I don't think it's an "easy meal ticket". Hell, I don't think anything in this world is an easy meal ticket (unless your parents are rich ofc).
That's been the case for like the past 15 years at least, in my experience. There's now dozens of businesses built just on helping others pass technical interviews. The shark was jumped a long time ago.
Fast forward to this past cycle and high availability of remote work, and there were literally dozens of jobs per week that felt like near-perfect matches. For those that I applied to, I was one of 40-200+ applicants for the role. Of the 50 or so jobs I applied to directly w/out a prior recruiter contacting me, I had 10 intro chats, 3 interviews going to the final round, and one job offer. About half of the result resulted in rejections ranging from immediately to a few months later, and the rest simply had no reply.
There were some weird experiences. About a month after I started a new job, I heard back from 3 interesting roles on the same day, over 90 days after my initial application. In another, the interviewer was super communicative and responsive, and had me take a personality quiz after intro calls with them and the hiring manager. Apparently I failed, because I was totally ghosted after that.
You are probably getting paid more than you would have locally. And locally higher level opportunities are harder to come by.
100x more choices for employers isn't working out better for them. They would rather have the same amount of candidates but higher quality for cheaper but they get a mountain of resumes instead. Hiring ends up taking 3 months and too many man hours.
Onsite / hybrid roles in my area get 10-20 applications in the first day, while remote roles often get 150-200. This is for regular everyday startups and companies, not FAANG which I expect gets much more interest.

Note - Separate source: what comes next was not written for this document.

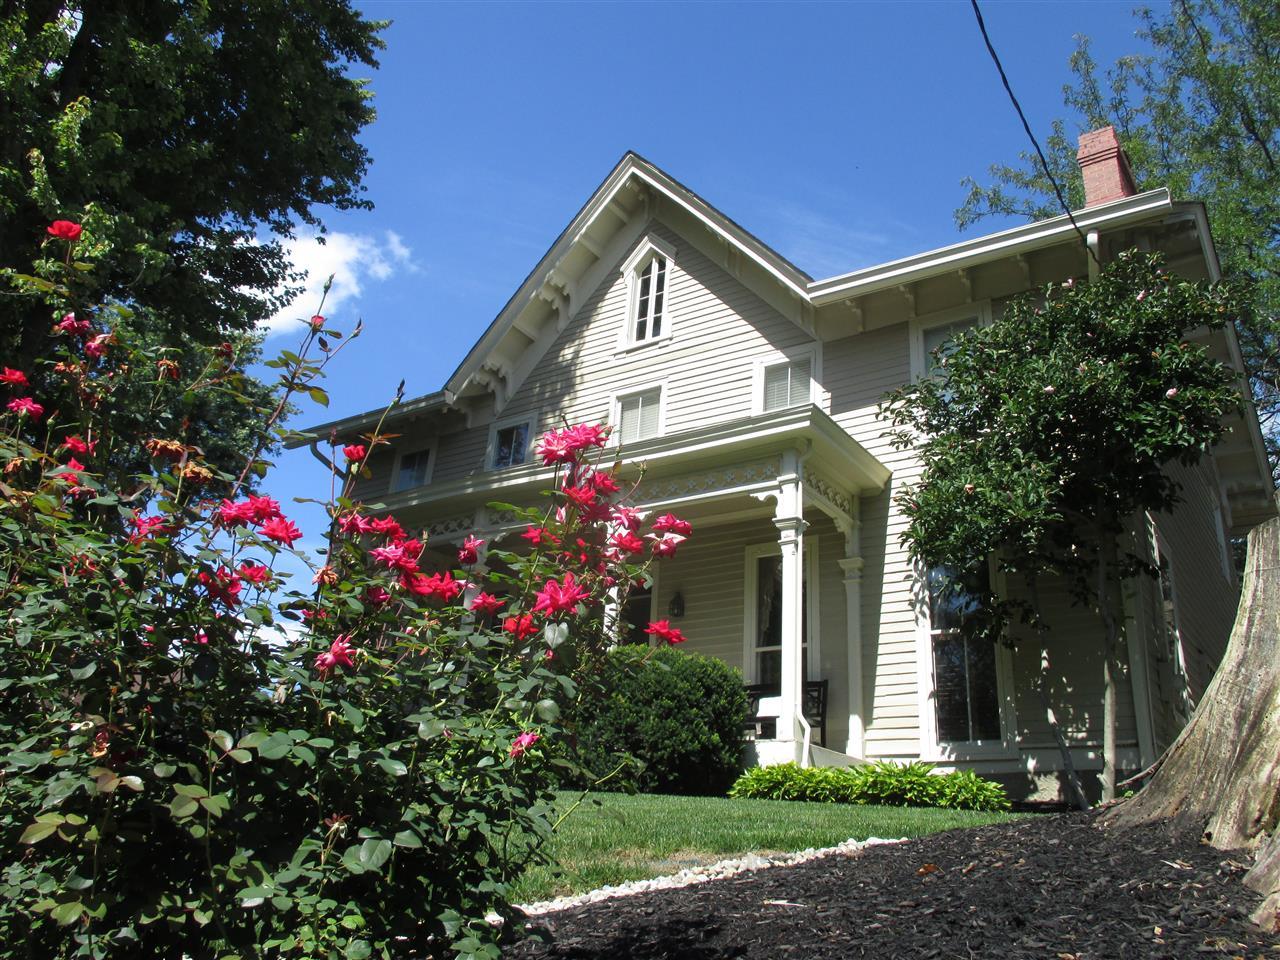 #leadingrelocal #HistoricHomes #ColumbiaTusculum #CincinnatiOhio #VictorianHomes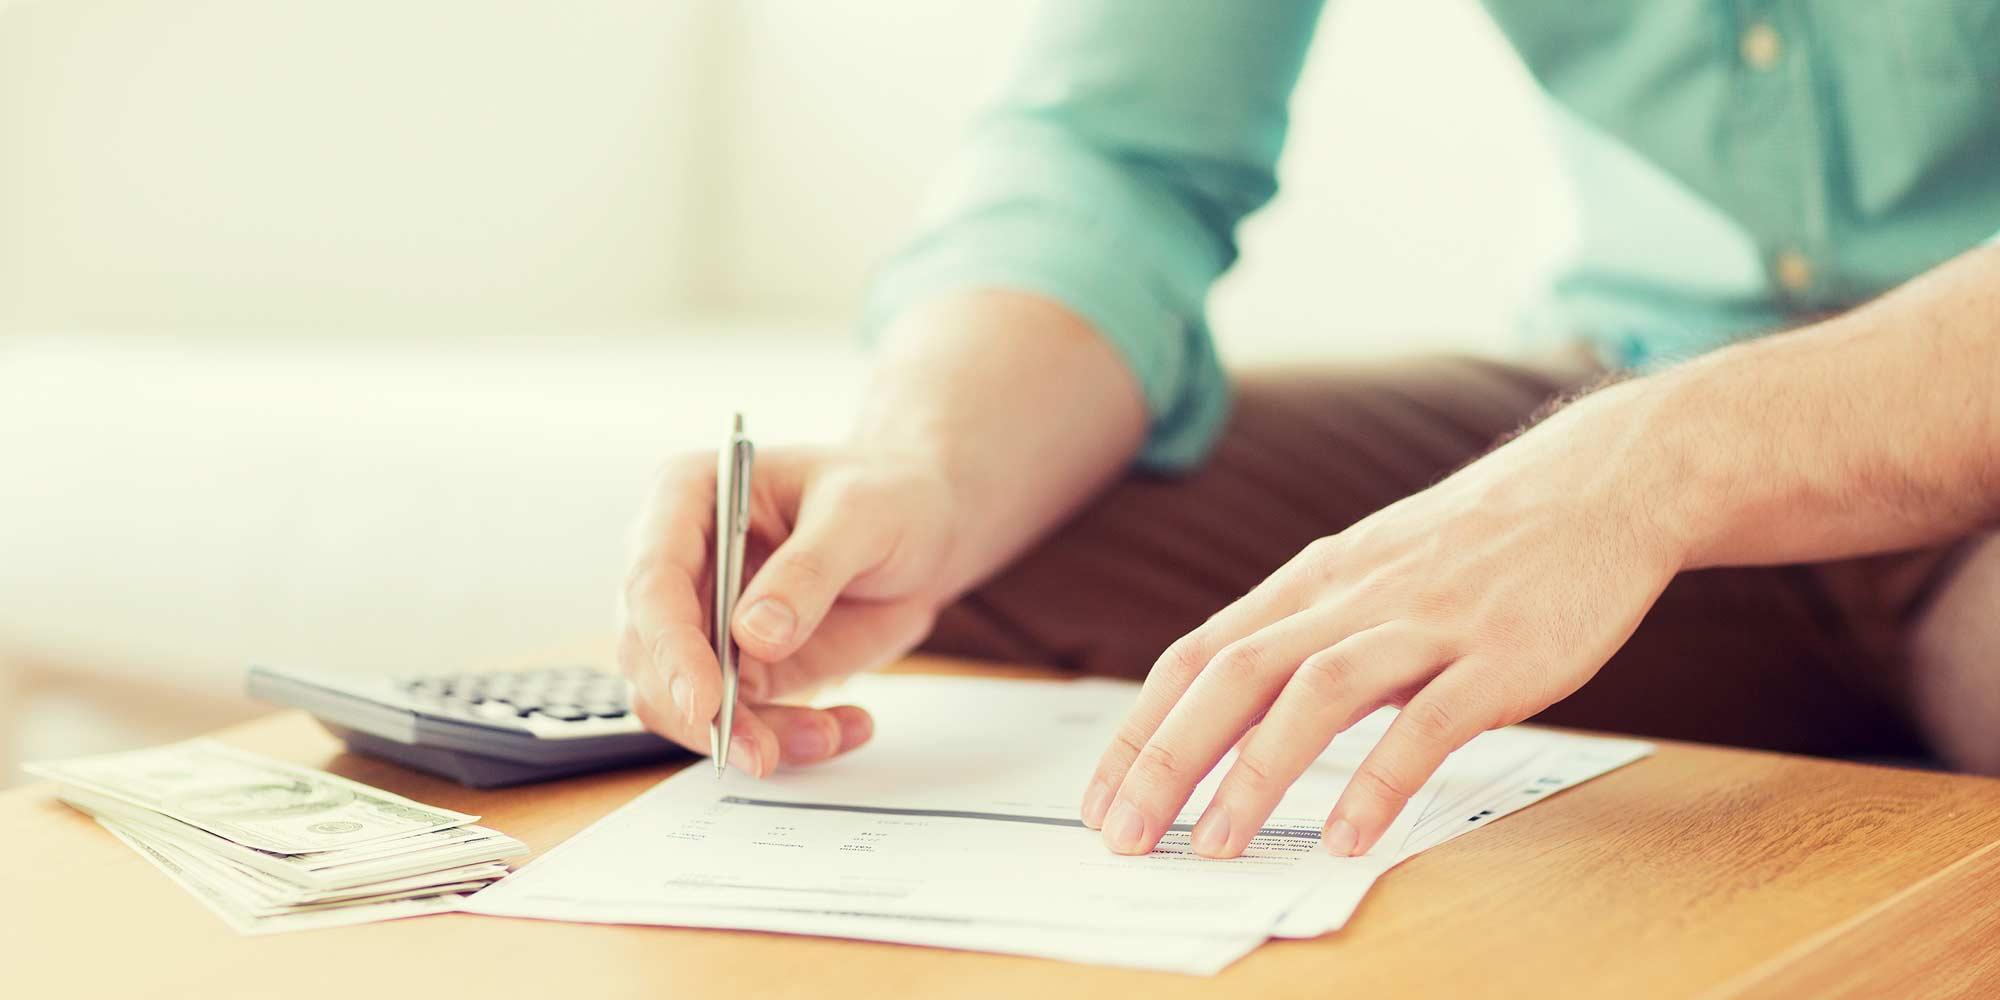 Unterscheidung: Annuitätendarlehen, Ratenkredit und endfälliges Darlehen

There are also fewer available remote roles to apply to. So I would say yes, if you have to be remote because of your location I expect it is more challenging. Companies (at least here) have more leverage at the moment, and the majority have not fully embraced remote, while at the same time remote jobs are the most desirable ones.
Thankfully, 100% office work is less and less common.
Nevertheless the biggest advantage is (as usual): your skills. If you ace the interview, companies in general will want to hire you no matter what.
Instead I will pull from the brilliant pool of engineers from South America and Europe and areas like the mid-west etc. We will do a lot of work in OSS, so running an asynchronous / non-linear workday full time remote team works just great.
I would really not like being limited to hiring in small geographical area.